Fees

How Much Do Maker and Taker Fees Differ? One Simple Habit to Save on Fees

· ~ 11 min read · CryptoPort Editorial

Same Trade, Different Fees

Have you noticed that Binance's fee schedule splits fees into Maker and Taker columns? Within the same VIP tier, the Maker rate is almost always lower than the Taker rate. What do these terms actually mean, how big is the fee gap, and how much can it save you? This article answers all of these questions.

What Are Maker and Taker

Maker: The One Who Waits for a Fill

When you place a limit order -- for example, a buy order below the current price or a sell order above it -- that order doesn't execute immediately and instead sits on the order book waiting. This is called "making" the market, as you're providing liquidity. Hence the name Maker.

Taker: The One Who Fills Immediately

When you place a market order, or your limit order's price happens to match an existing order and fills instantly, you're "taking" liquidity from the order book. Hence the name Taker.

Simple memory trick: if you place an order that waits for someone else to match, you're a Maker. If you actively match against someone else's order, you're a Taker.

How Big Is the Fee Gap

Spot Trading

At regular user levels, both Maker and Taker spot fees are 0.1% -- not much difference. But starting from VIP1, the two diverge noticeably. Higher VIP tiers widen the gap further. At advanced VIP levels, Maker might be just 0.02% while Taker sits around 0.04%.

Futures Trading

In futures, the gap exists from day one. Regular users pay 0.02% Maker vs. 0.05% Taker -- more than a 2x difference. At top VIP tiers, Maker can even go negative, meaning the exchange pays you for placing orders, while Taker still costs money.

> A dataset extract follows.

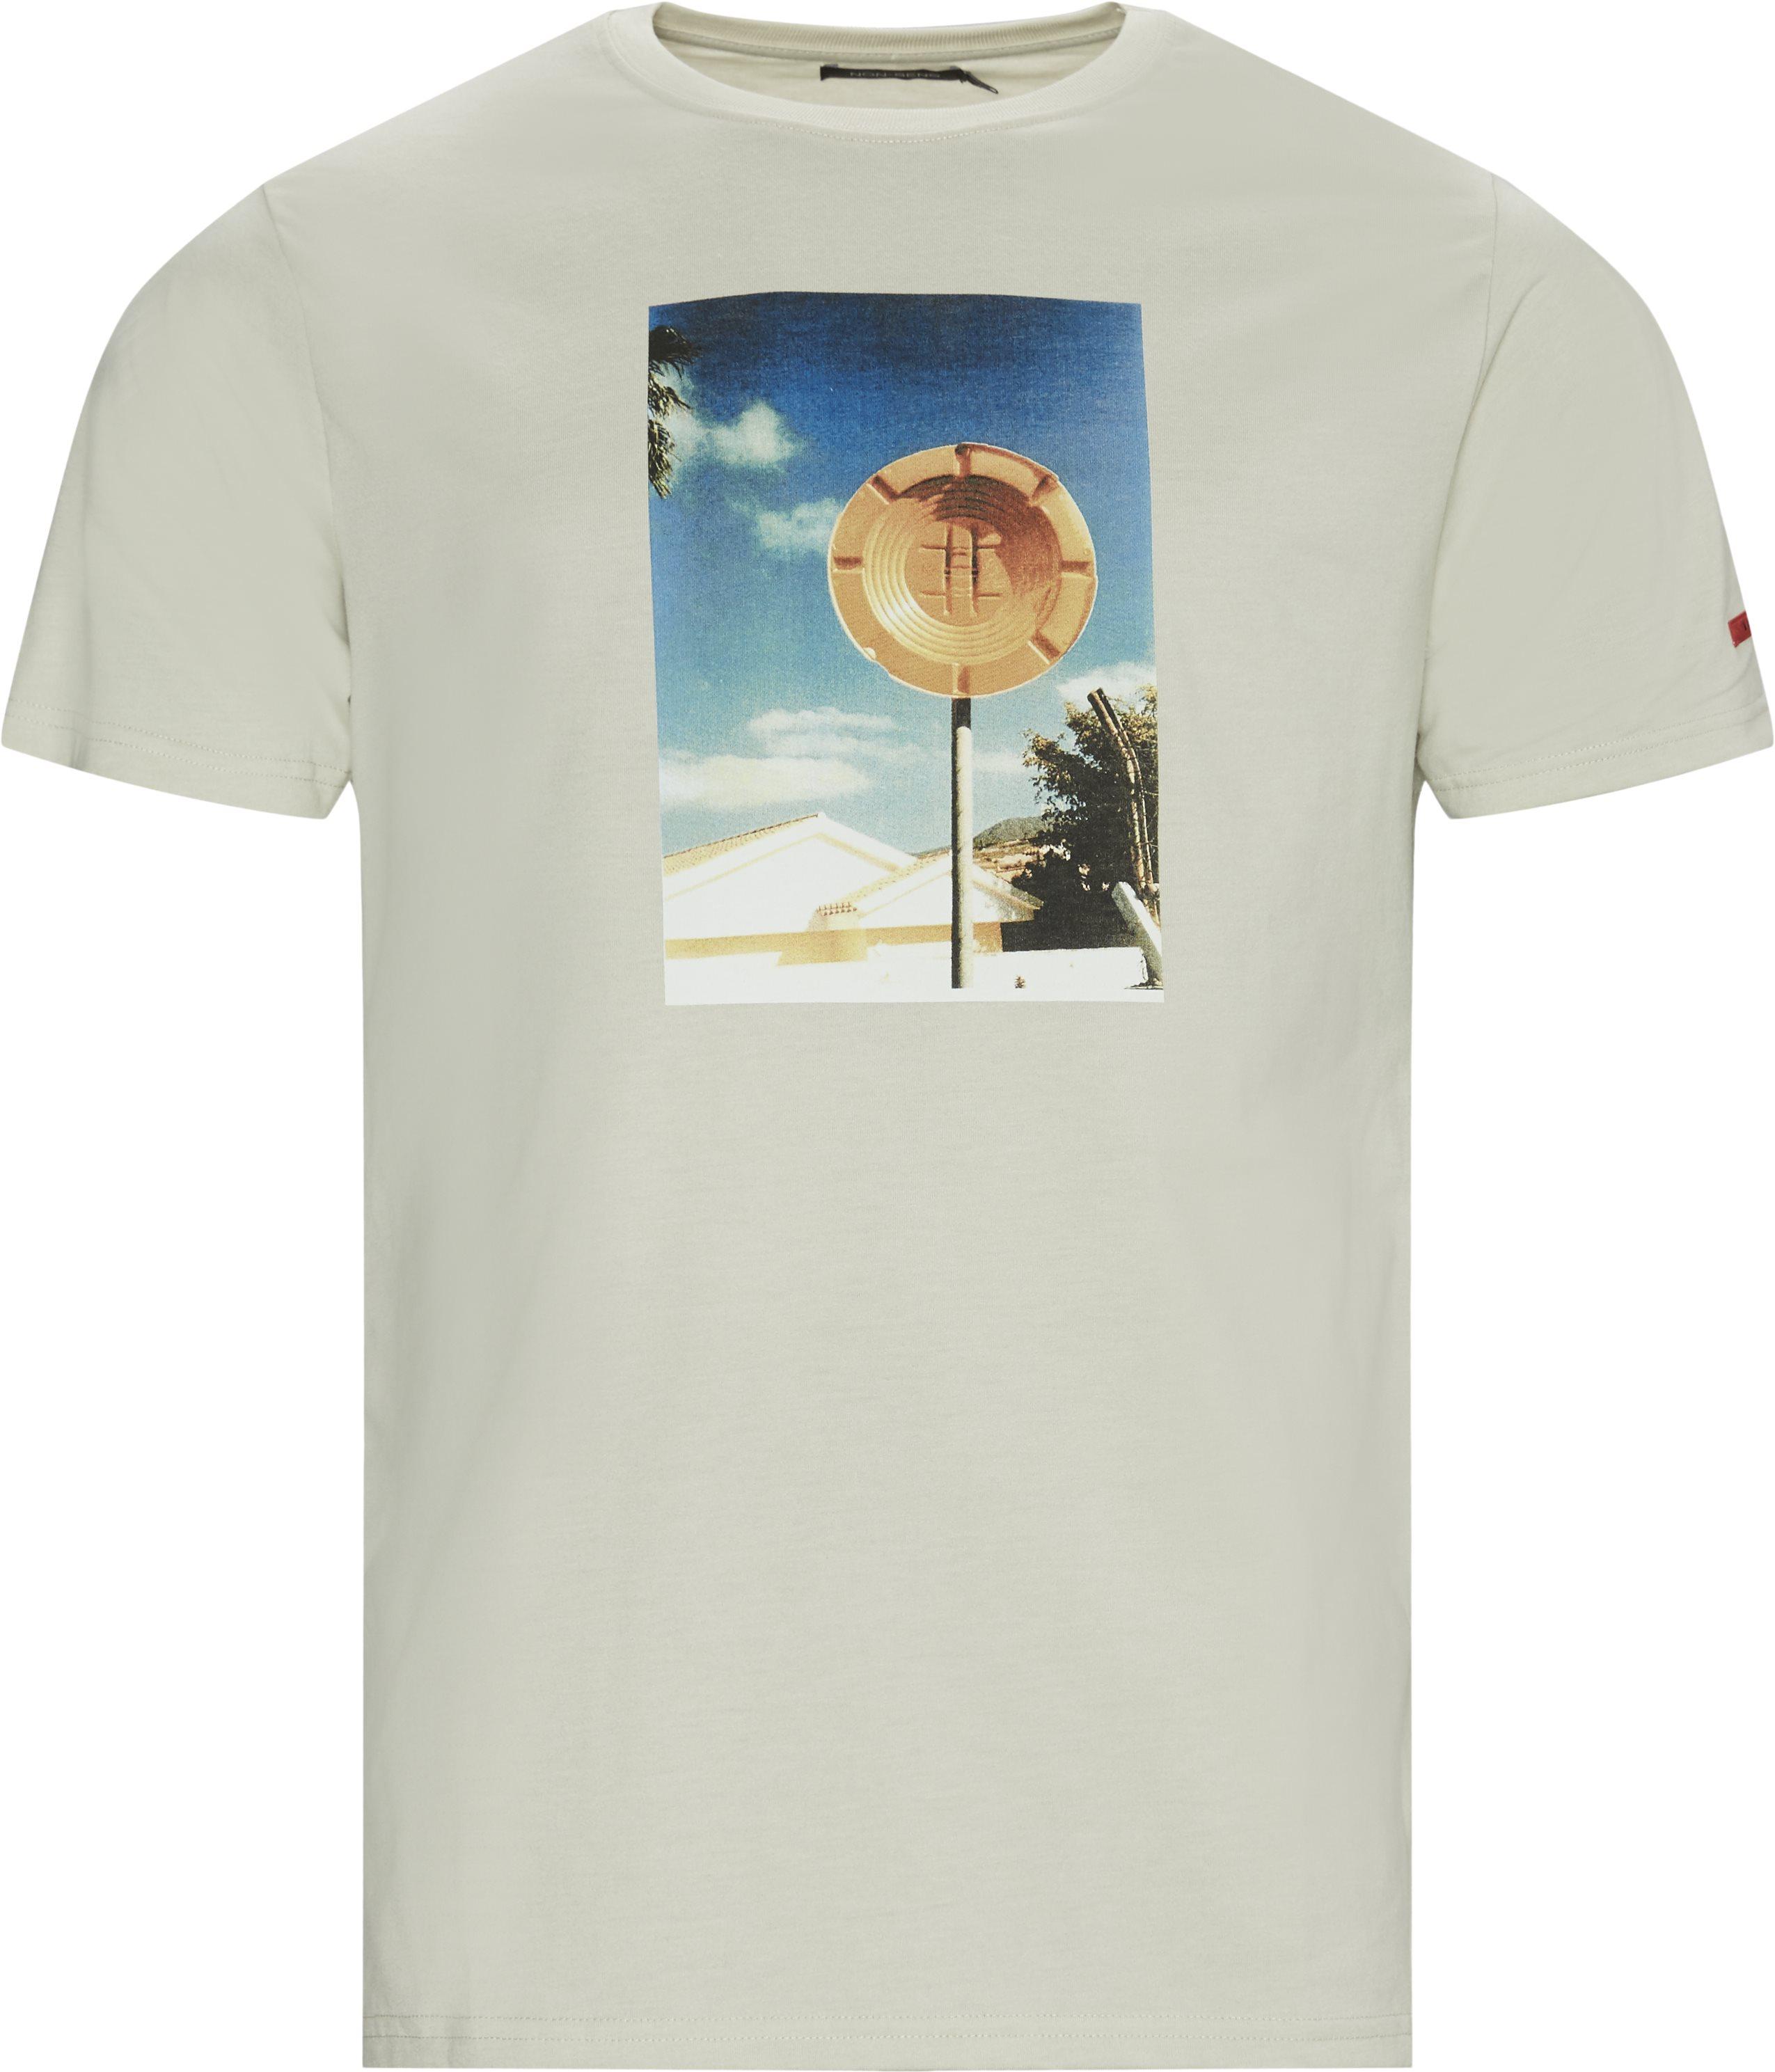 Parking Tee - T-shirts - Regular fit - Sand
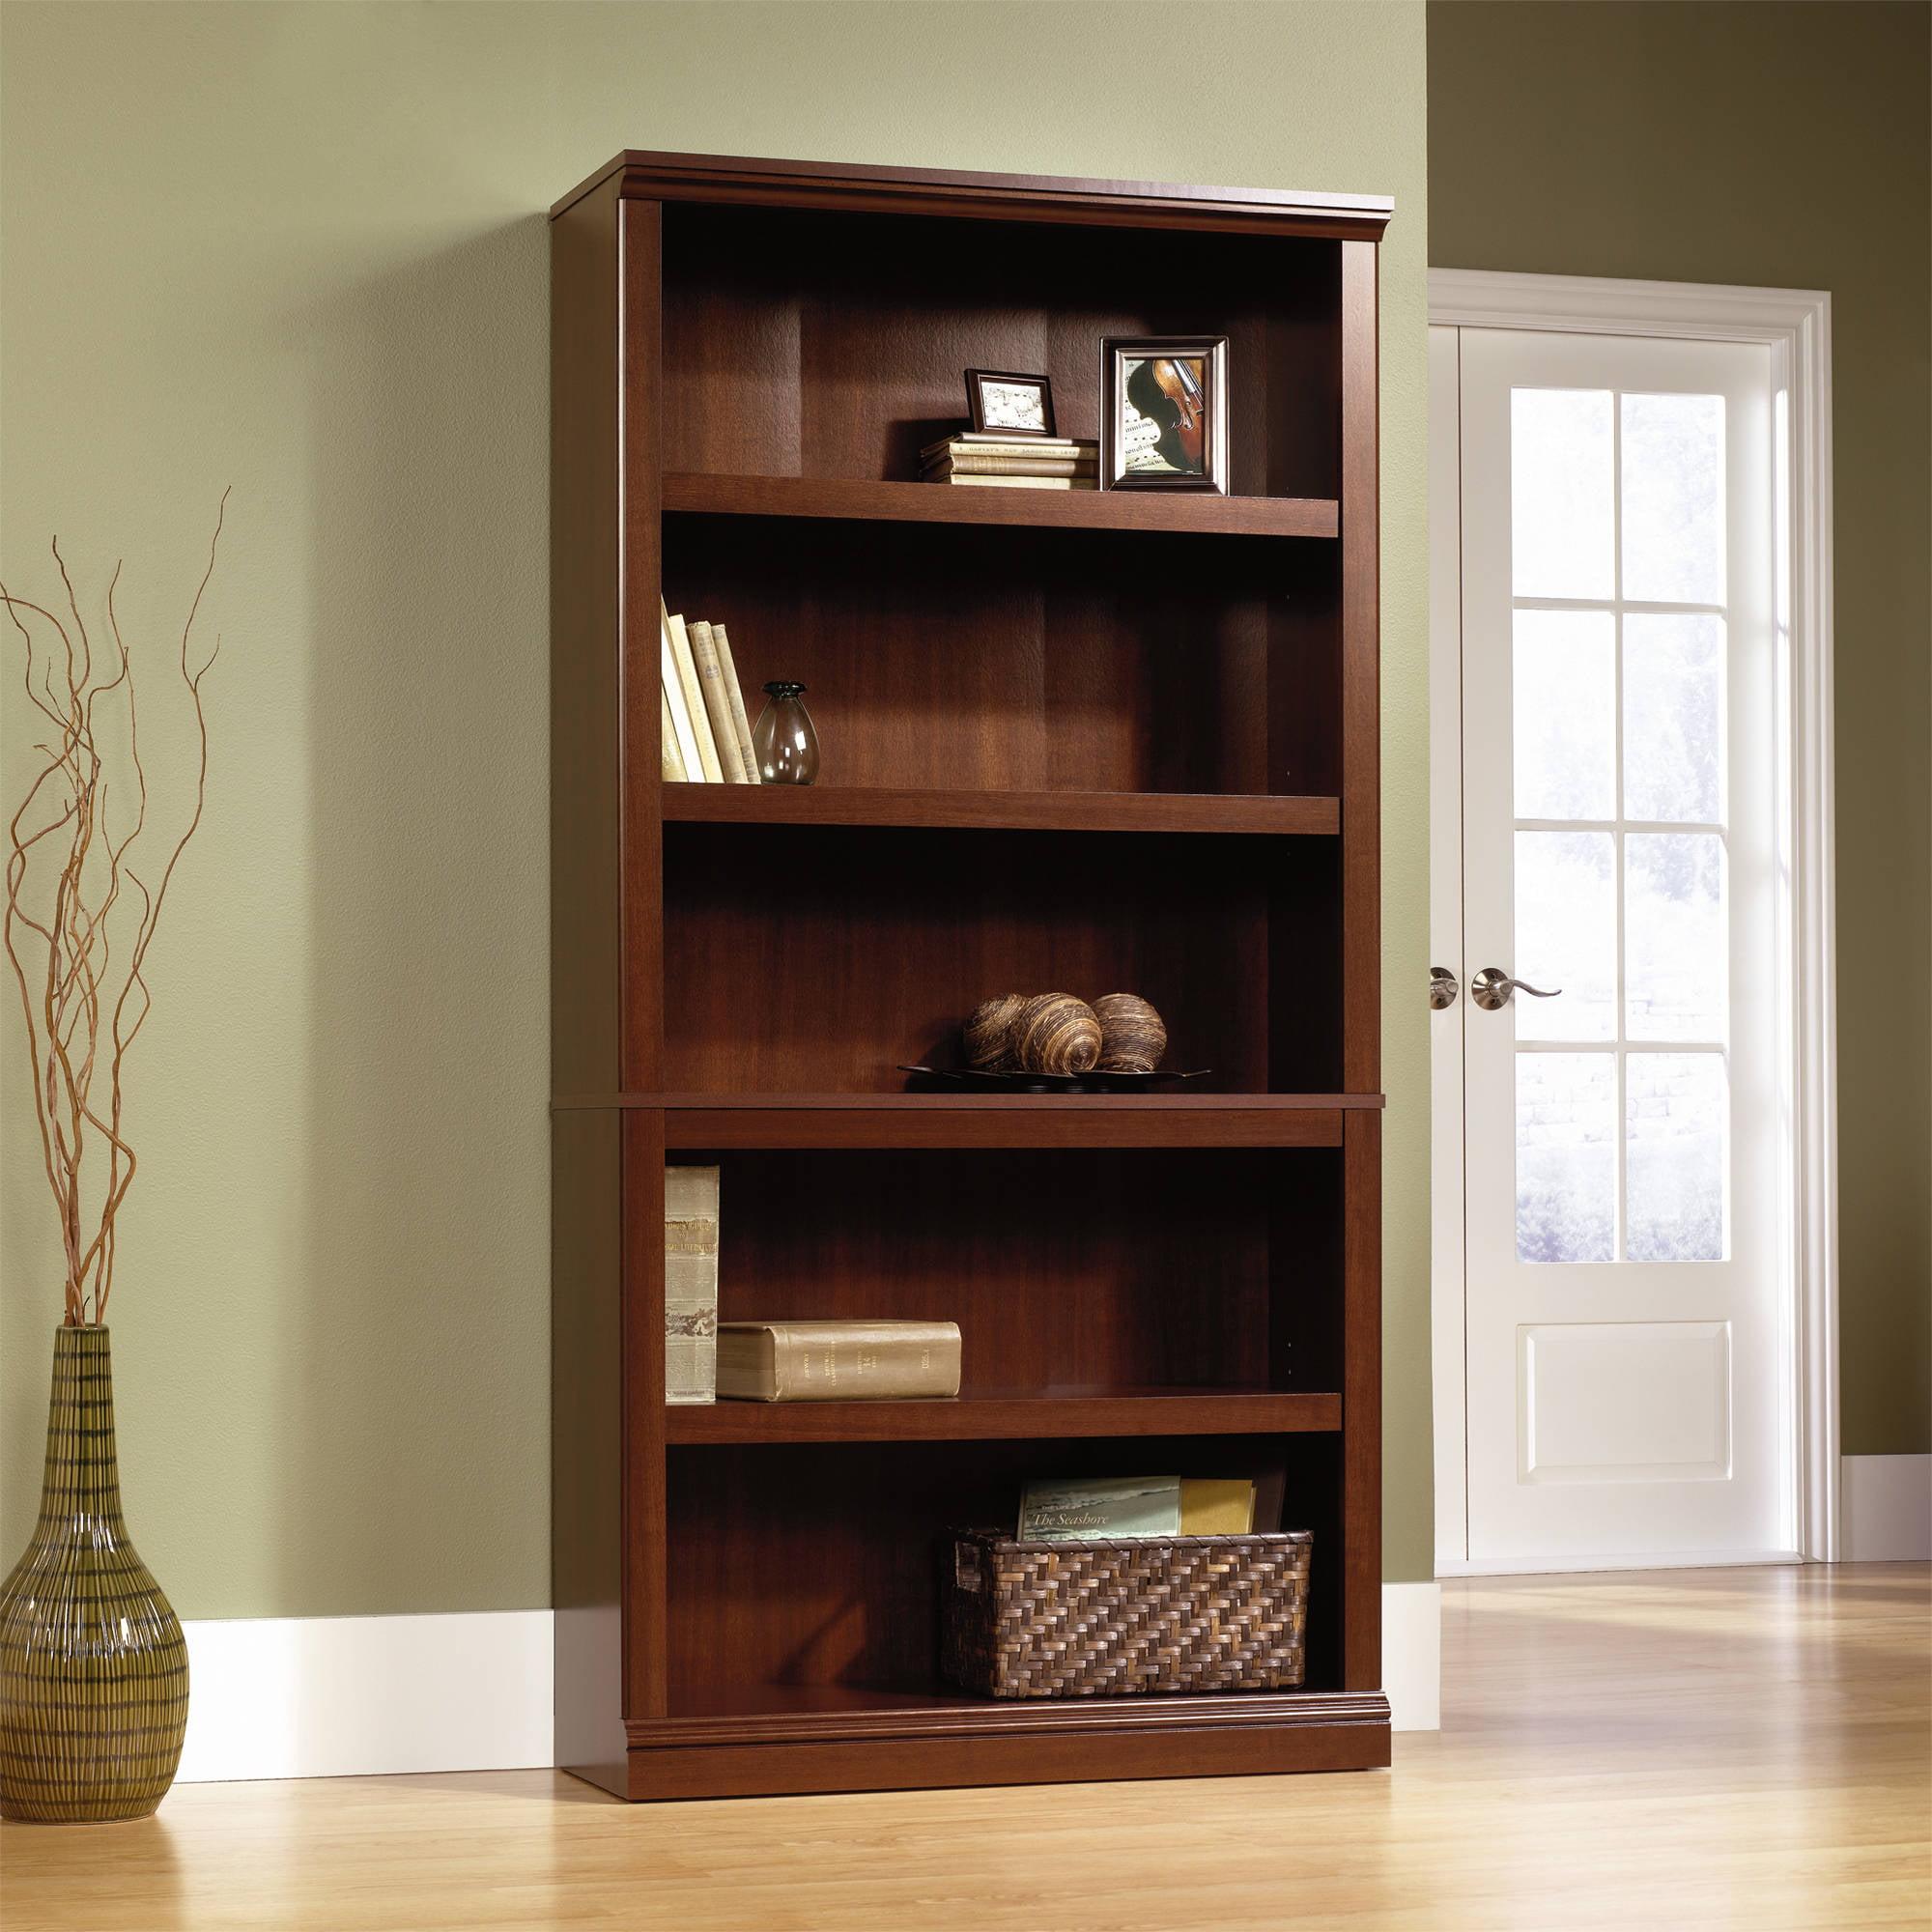 Sauder 5-Shelf Bookcase, Select Cherry Finish by Sauder Woodworking

One Simple Habit to Save Money Long-Term

Now that you understand the Maker/Taker distinction, you can adopt one simple trading habit for ongoing savings -- whenever possible, place orders instead of taking them.

How to Do It

When you want to buy a coin, don't hit "Market Buy." Instead, place a limit buy order slightly below the current price. For example, if BTC is at $60,000, place a buy order at $59,900. Most of the time, a few dozen dollars of price fluctuation will fill your order quickly.

The same applies to selling: place a limit sell order slightly above the current price instead of using market sell.

When Placing Orders Isn't Ideal

Two situations call for market orders instead. First, during rapid one-way moves when you need to cut losses immediately -- market orders ensure you exit at the first opportunity, and the fee savings pale in comparison to a timely stop-loss. Second, on illiquid small-cap coins where limit orders may sit unfilled for a long time.

How to Verify Whether Your Order Was Maker or Taker

In Binance's trade history, each order is labeled as either Maker or Taker. Log in to Binance official and review your recent trades to check the Maker-to-Taker ratio. If the vast majority are Taker, you have significant room for optimization.

Mobile users can download the Binance App via Binance official -- the order history within the App also shows the Maker/Taker tag for each trade.

By the Numbers

Suppose your monthly futures trading volume is $500,000.

All Taker at 0.05%: fees = $250.

If half are converted to Maker at 0.02%: fees drop to about $175 -- saving $75/month, or $900/year.

For higher VIP users with wider Maker-Taker spreads, the savings are even greater. And this is conservative -- if you can push your Maker ratio to 70-80%+, the impact becomes much more significant.

Using Post-Only to Guarantee Maker Status

Binance's futures trading offers a Post-Only order mode. When selected, if your limit order would fill immediately (becoming Taker), the system cancels it outright. This guarantees 100% Maker execution on every order, ensuring the lowest possible fee rate.

This feature is especially valuable for fee-sensitive high-frequency traders. Find Post-Only in the order type options on the futures trading interface.

Building the Habit Is What Counts

Placing limit orders doesn't require any extra effort -- the only change is your ordering habit. Switch from "default to market order" to "try limit order first, consider market order only if it doesn't fill." This small change won't affect your trading strategy but will continuously reduce your costs.

Many veterans look back and regret the early days when they overpaid in fees simply because they didn't understand the Maker-Taker difference. Now that you know, changing your habits today is the first step to saving money. Remember: fees are the most certain cost in trading, and reducing certain costs is one of the most reliable ways to improve profitability. During bear markets, the fees you save might be the only guaranteed "positive return" in your account. Don't underestimate this seemingly minor optimization -- the cumulative difference over time will surprise you.